Armillaria root rot is a fungal root rot caused by several different members of the genus Armillaria. The symptoms are variable depending on the host infected, ranging from stunted leaves to chlorotic needles and dieback of twigs and branches. However, all infected hosts display symptoms characteristic of being infected by a white rotting fungus. The most effective ways of management focus on limiting the spread of the fungus, planting resistant species, and removing infected material. This disease poses a threat to the lumber industry as well as affecting recreational areas.

== Hosts and symptoms ==
Because this disease is caused by multiple species within the genus Armillaria, it has an extremely broad host range. Hundreds of trees and shrubs are susceptible to root rot to varying degrees. In fact, the only two genera of tree known to be resistant to Armillaria root rot are larch and birch. Further investigation is being conducted for additional species, but at this time there is no further evidence leading to the belief that more exist.

While Armillaria is a significant and damaging pathogen of tree hosts, it also has many agronomic hosts such as grapevines, berries, roses, stone fruits, rhododendron, and rosaceous plants, although the fungus is primarily native to areas where it can use forest trees as a host. On hosts such as these, infection causes death of the cambium and further decay of the xylem. Vines or stems from these plants, once infected, may remain a potential source for inoculum for up to ten years and can infect neighboring plants, often via rhizomorphs.

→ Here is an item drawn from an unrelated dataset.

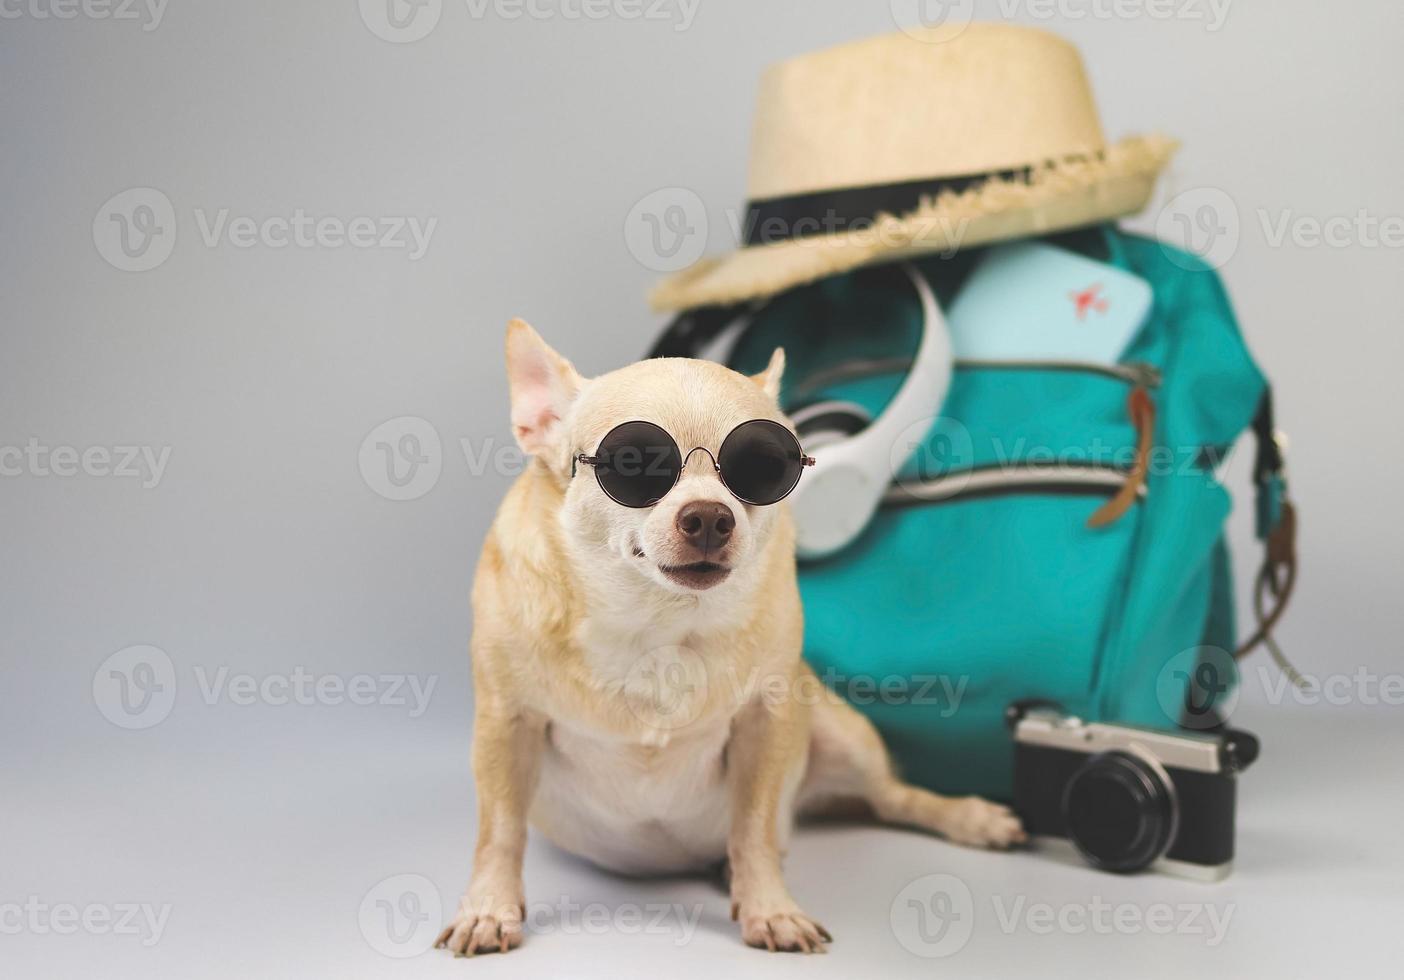 cute brown short hair chihuahua dog wearing sunglasses sitting  on white  background with travel accessories, camera, backpack, passport,  headphones and straw hat. travelling  with animal concept. photo

As a result of the multitude of possible hosts, symptoms also range a great deal from one infection to another. All infected hosts do however display symptoms common to white rotting fungi. These include light or bleached wood as a result of the degradation of essential cell wall compounds such as lignin and hemicellulose. In addition to these, the host will show above-ground symptoms due to fungal infection of the vasculature. These include chlorosis in the needles as well as dieback of twigs and branches. The extent of these symptoms varies with the degree of infection as well as the susceptibility of the host. In addition to these symptoms, the trunks of conifers will also exude excess resin in a process known as resinopsis which results in a layer of resin, debris, and fungal tissue forming around infected roots. Deciduous trees occasionally develop sunken cankers but most often fail to exhibit these symptoms on the trunk, and will instead simply display the other symptoms.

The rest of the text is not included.